◆ What the task asks:
Give the data again exactly as it appears, excluding any pictures.

-- Collected data follows --

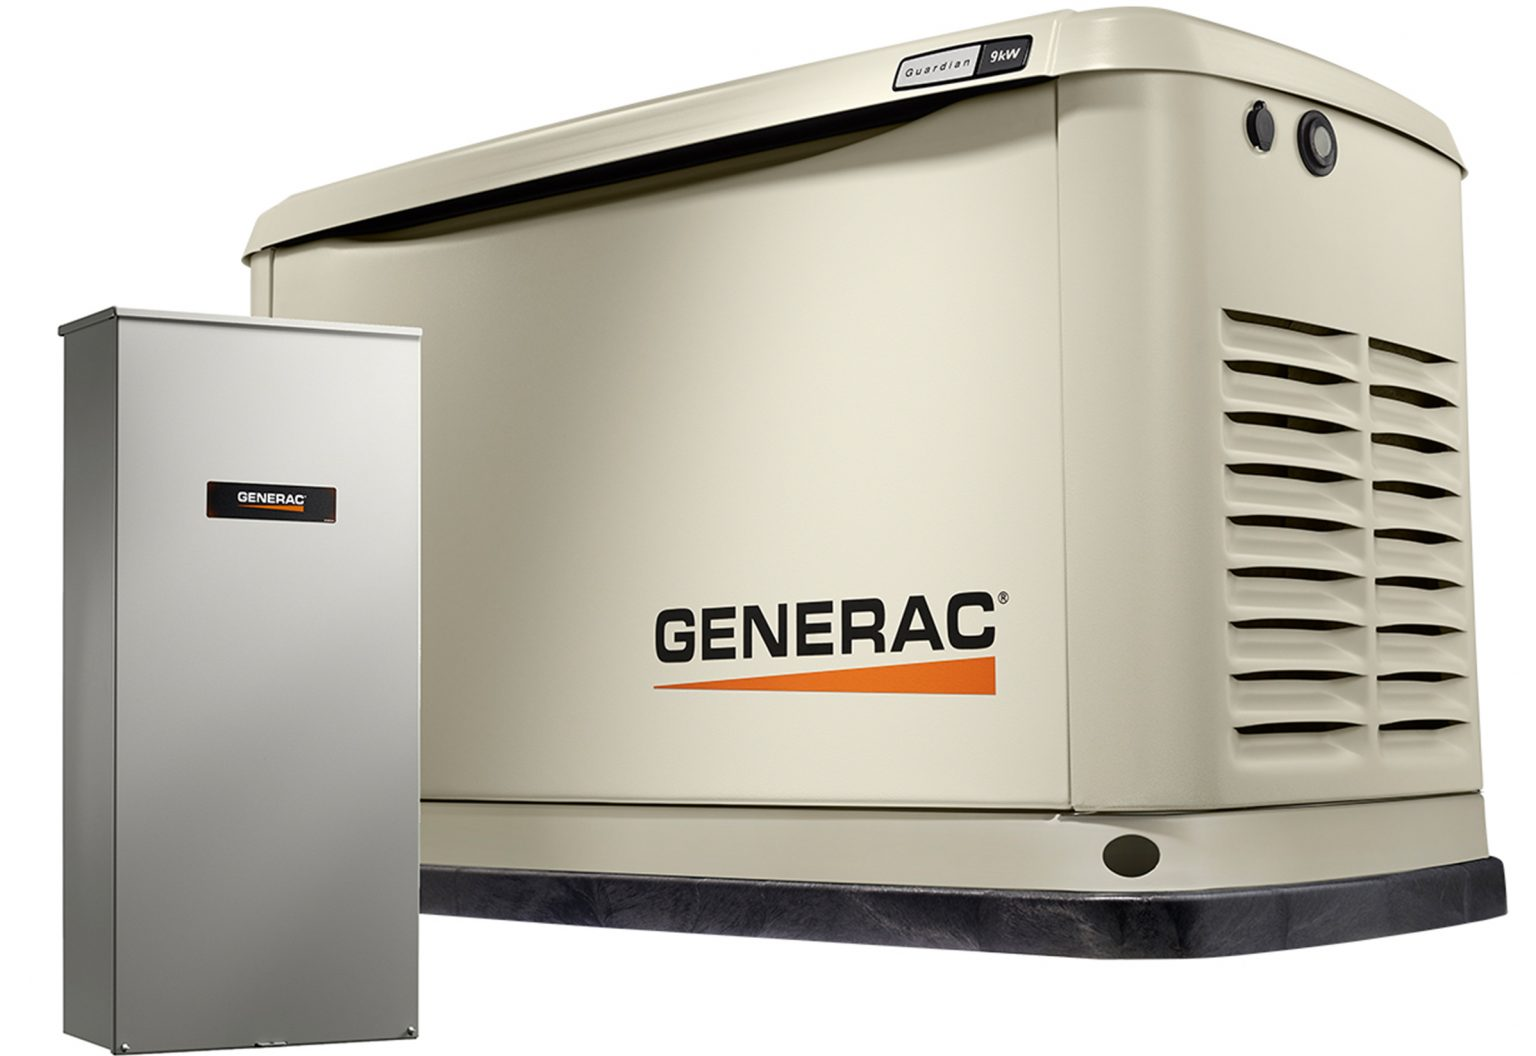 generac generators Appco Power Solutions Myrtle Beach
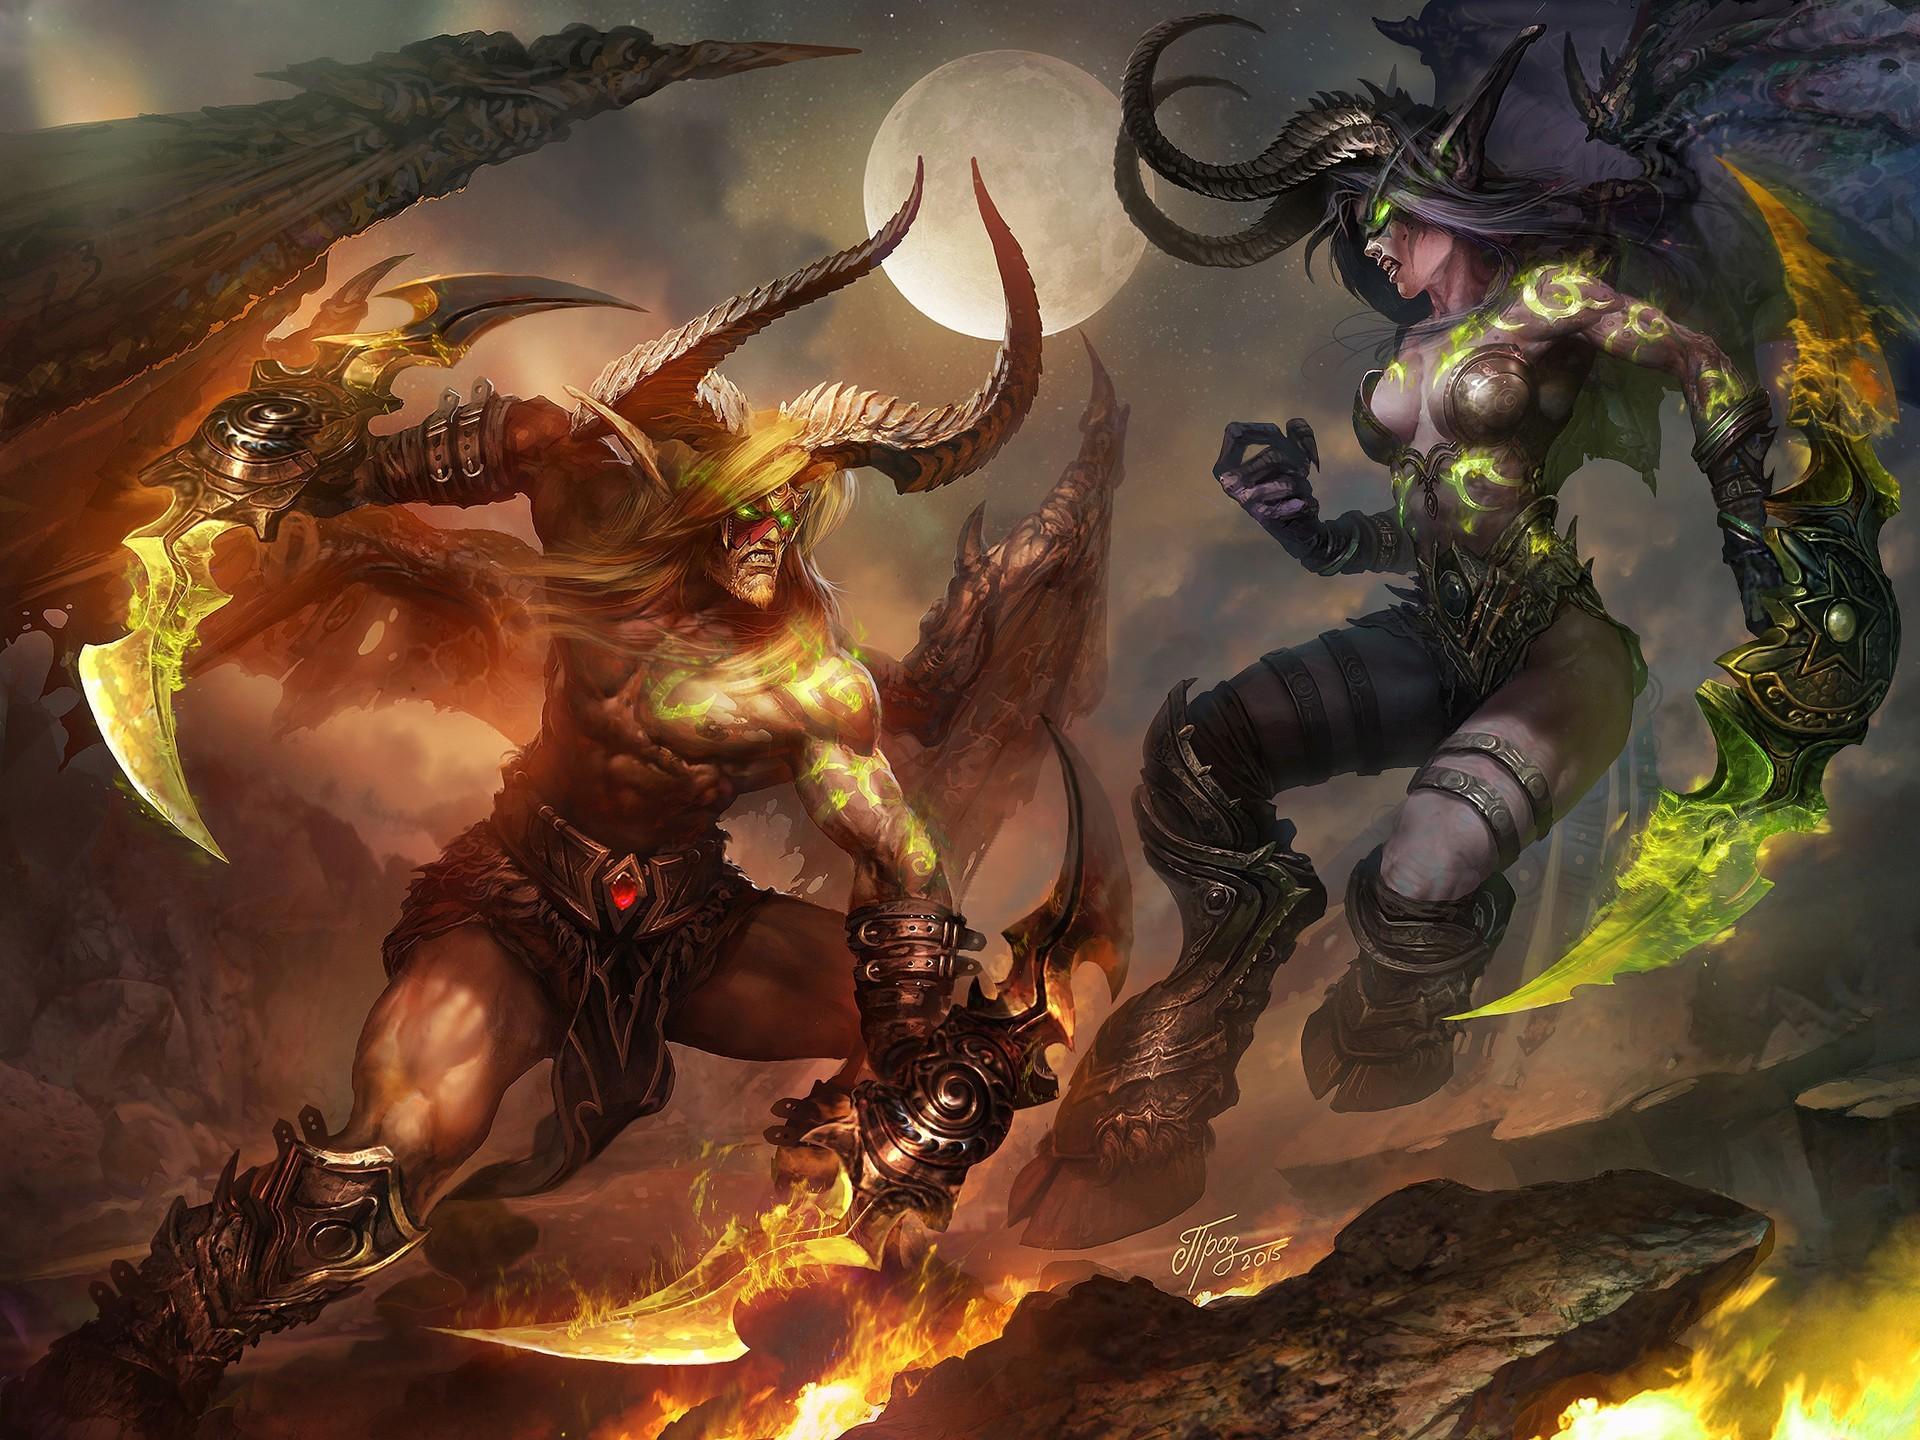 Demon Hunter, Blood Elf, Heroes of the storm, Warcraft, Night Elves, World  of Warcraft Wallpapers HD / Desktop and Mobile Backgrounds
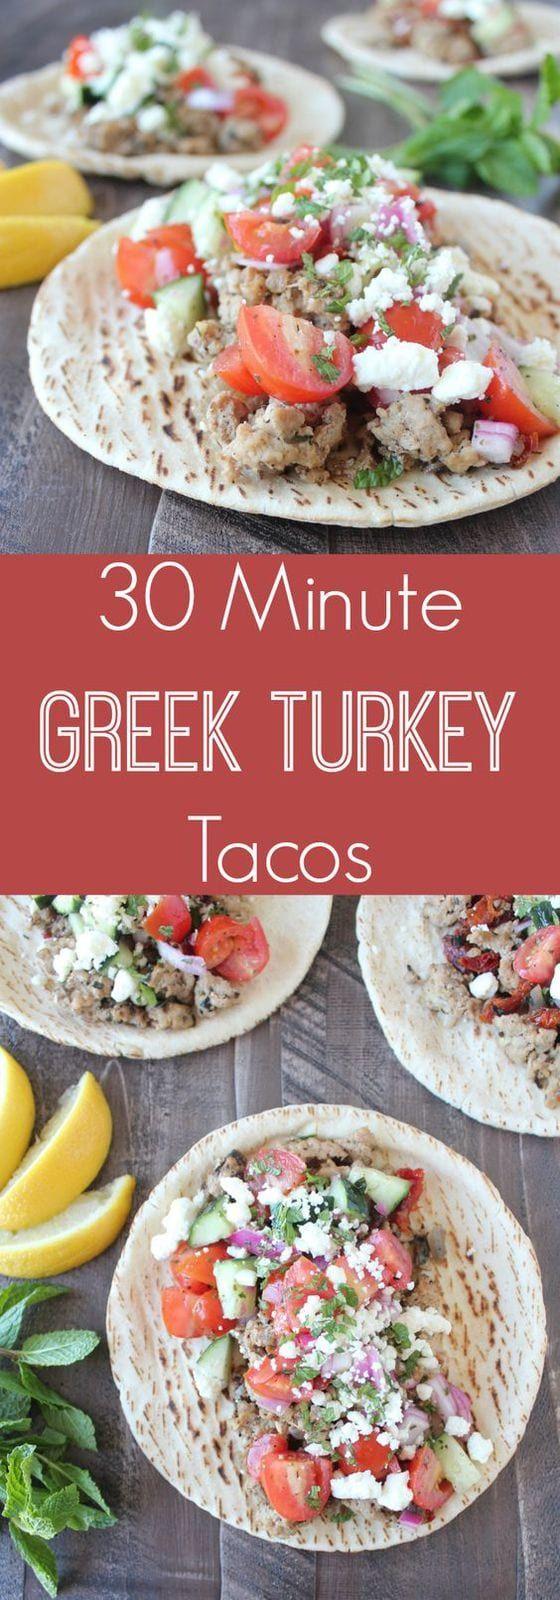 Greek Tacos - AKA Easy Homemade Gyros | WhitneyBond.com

-- Collected data concluded --

◆ Answer section:
 generac generators Appco Power Solutions Myrtle Beach
 Demon Hunter, Blood Elf, Heroes of the storm, Warcraft, Night Elves, World  of Warcraft Wallpapers HD / Desktop and Mobile Backgrounds
 Greek Tacos - AKA Easy Homemade Gyros | WhitneyBond.com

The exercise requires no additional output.